Dataset excerpt ::

•••

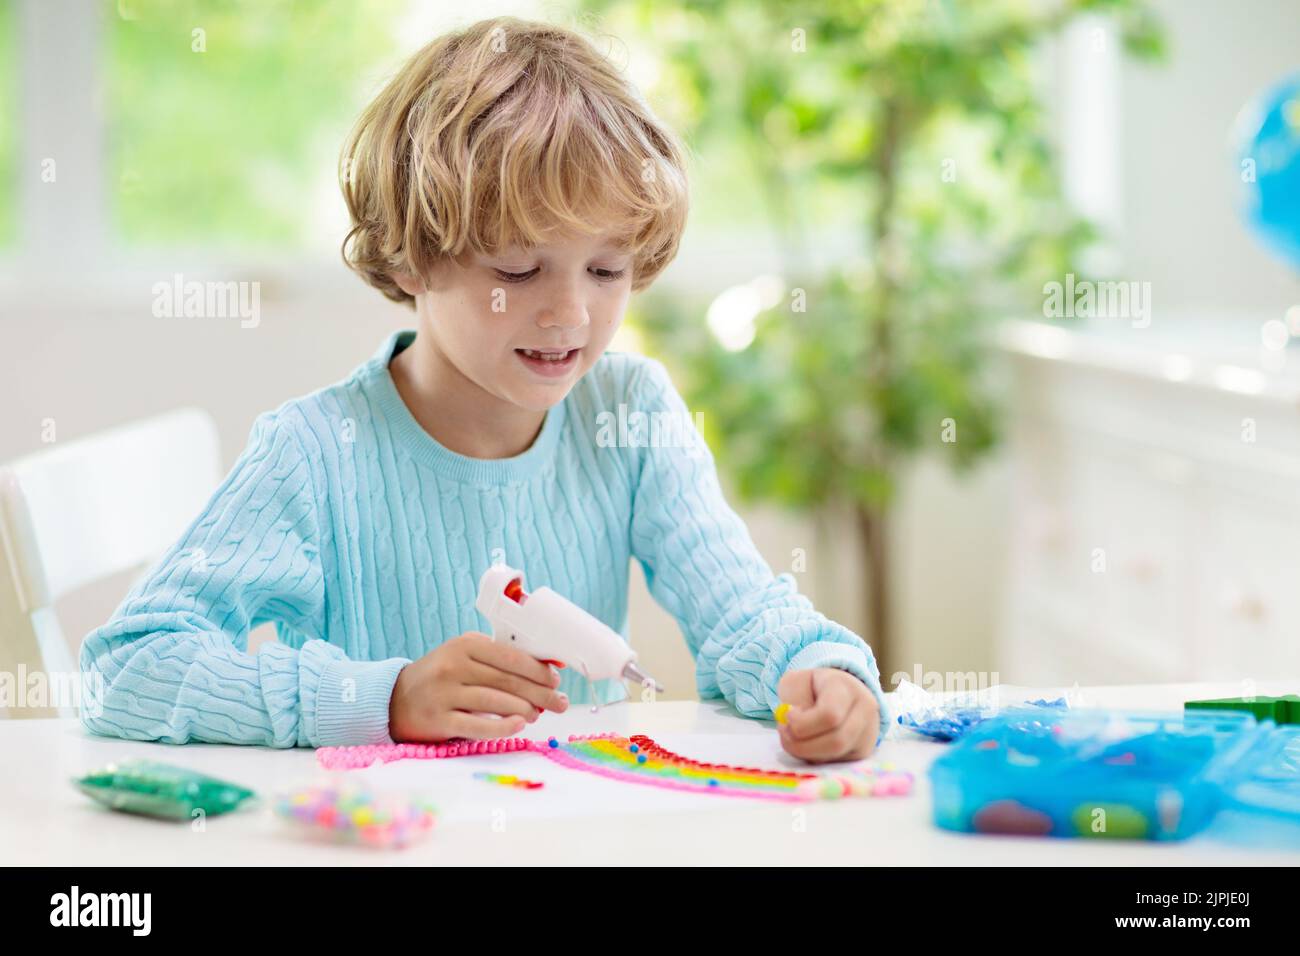 Basteln für Kinder. Kind mit Heißklebepistole. Kreativer kleiner Junge, der Knöpfe und Perlen im Regenbogen-Design klebt. Kunst und Kreativität Klasse in der Schule Stockfoto
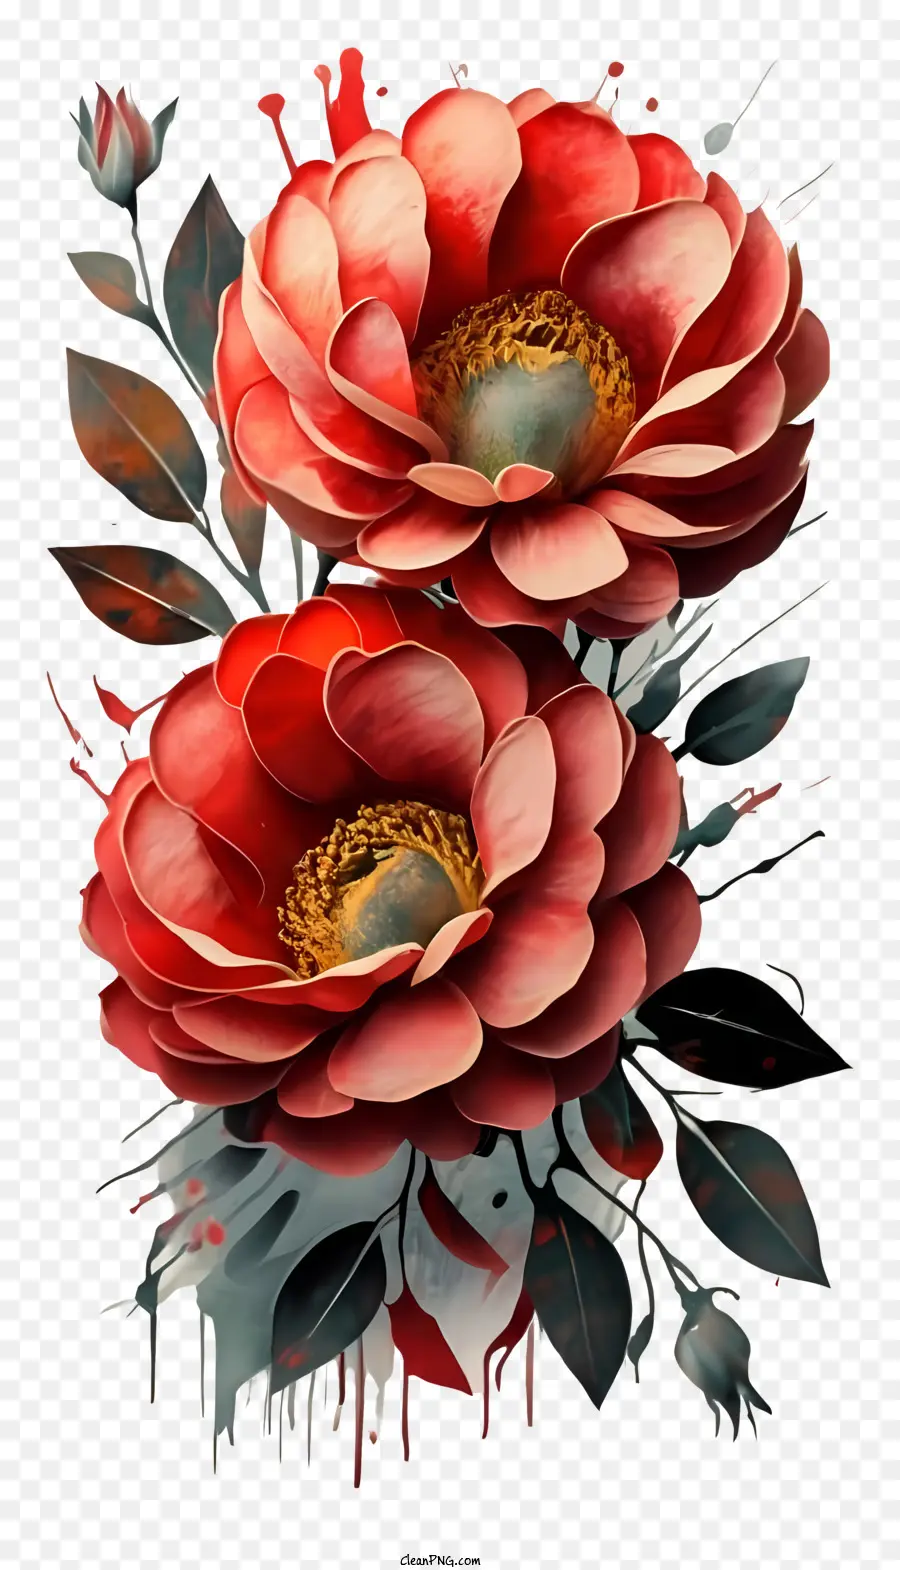 pittura digitale fiori rossi gocce di vernice nera Vaso di sfondo nero o pentola - Dipinto digitale di fiori rossi con vernice nera
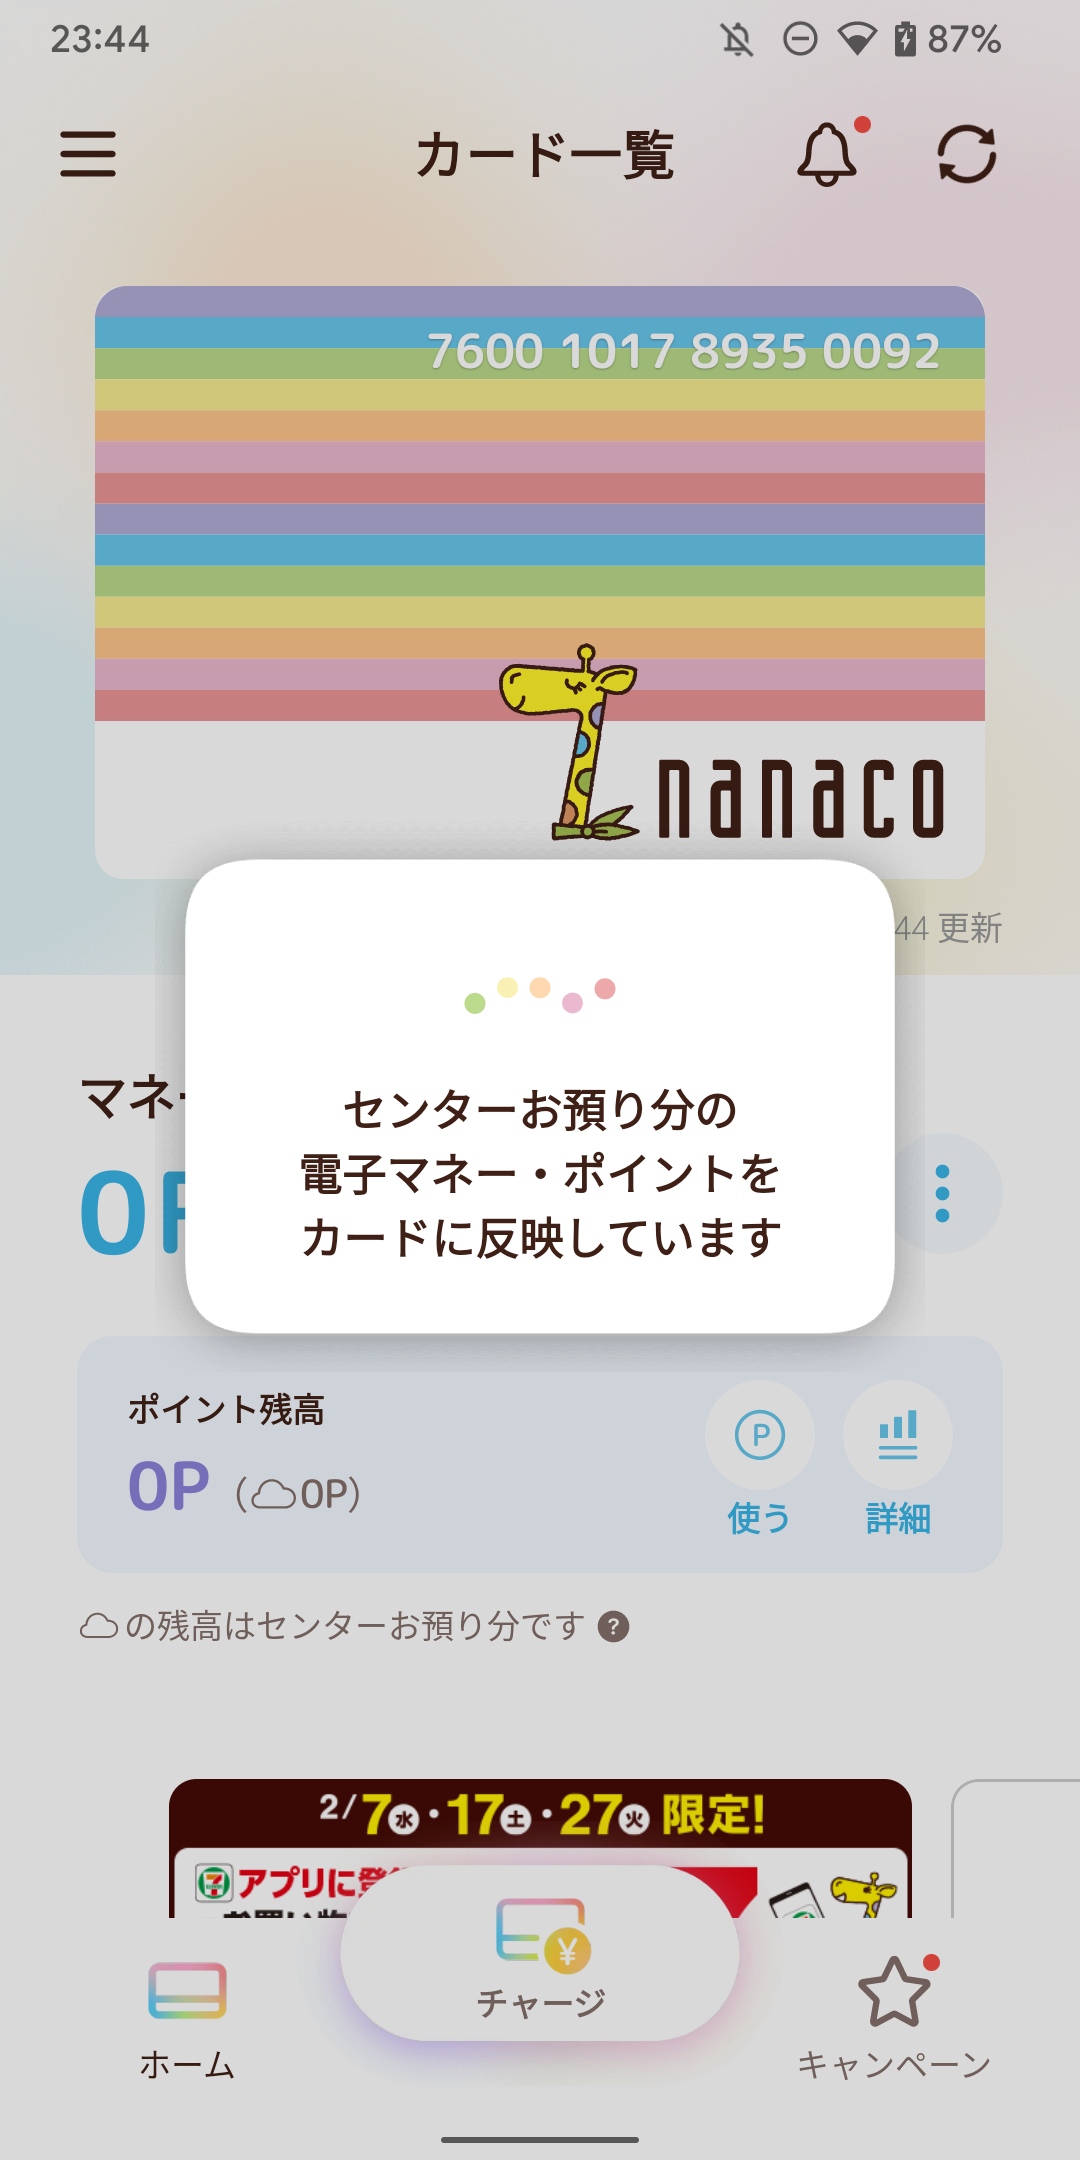 nanaco center to card
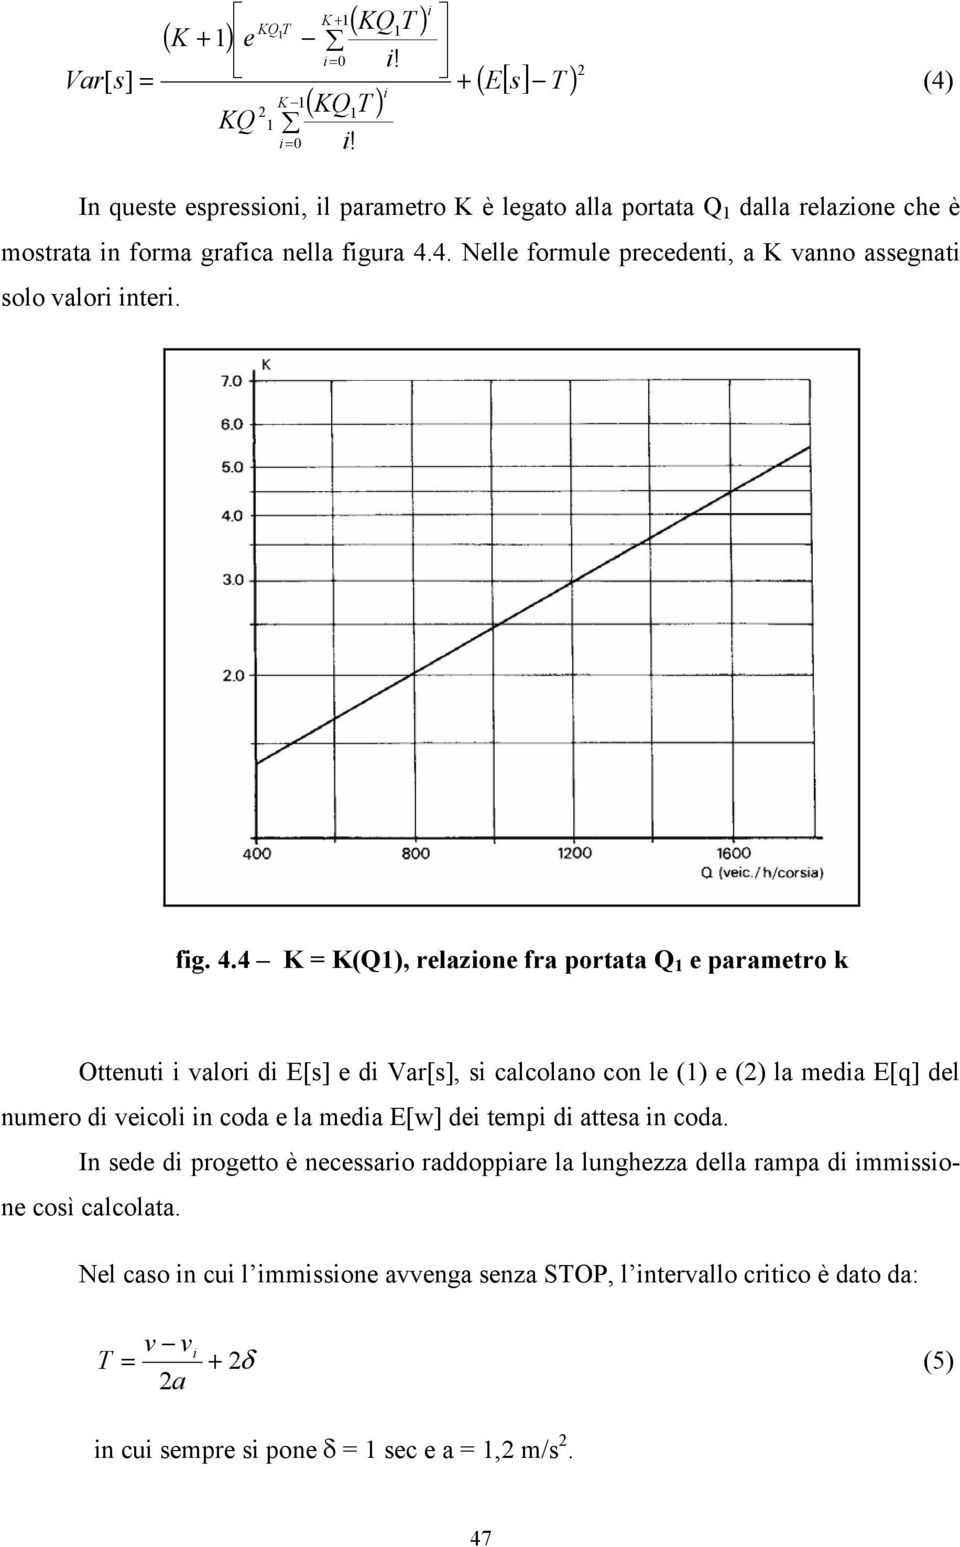 4 K = K(Q1), relazione fra portata Q 1 e parametro k Ottenuti i valori di E[s] e di Var[s], si calcolano con le (1) e (2) la media E[q] del numero di veicoli in coda e la media E[w] dei tempi

•••

What you will do :: Go through the listing and restate each line word for word, leaving out the pictures.

Task output ::
 Basteln für Kinder. Kind mit Heißklebepistole. Kreativer kleiner Junge, der Knöpfe und Perlen im Regenbogen-Design klebt. Kunst und Kreativität Klasse in der Schule Stockfoto
 pittura digitale fiori rossi gocce di vernice nera Vaso di sfondo nero o pentola - Dipinto digitale di fiori rossi con vernice nera
 nanaco center to card
 4 K = K(Q1), relazione fra portata Q 1 e parametro k Ottenuti i valori di E[s] e di Var[s], si calcolano con le (1) e (2) la media E[q] del numero di veicoli in coda e la media E[w] dei tempi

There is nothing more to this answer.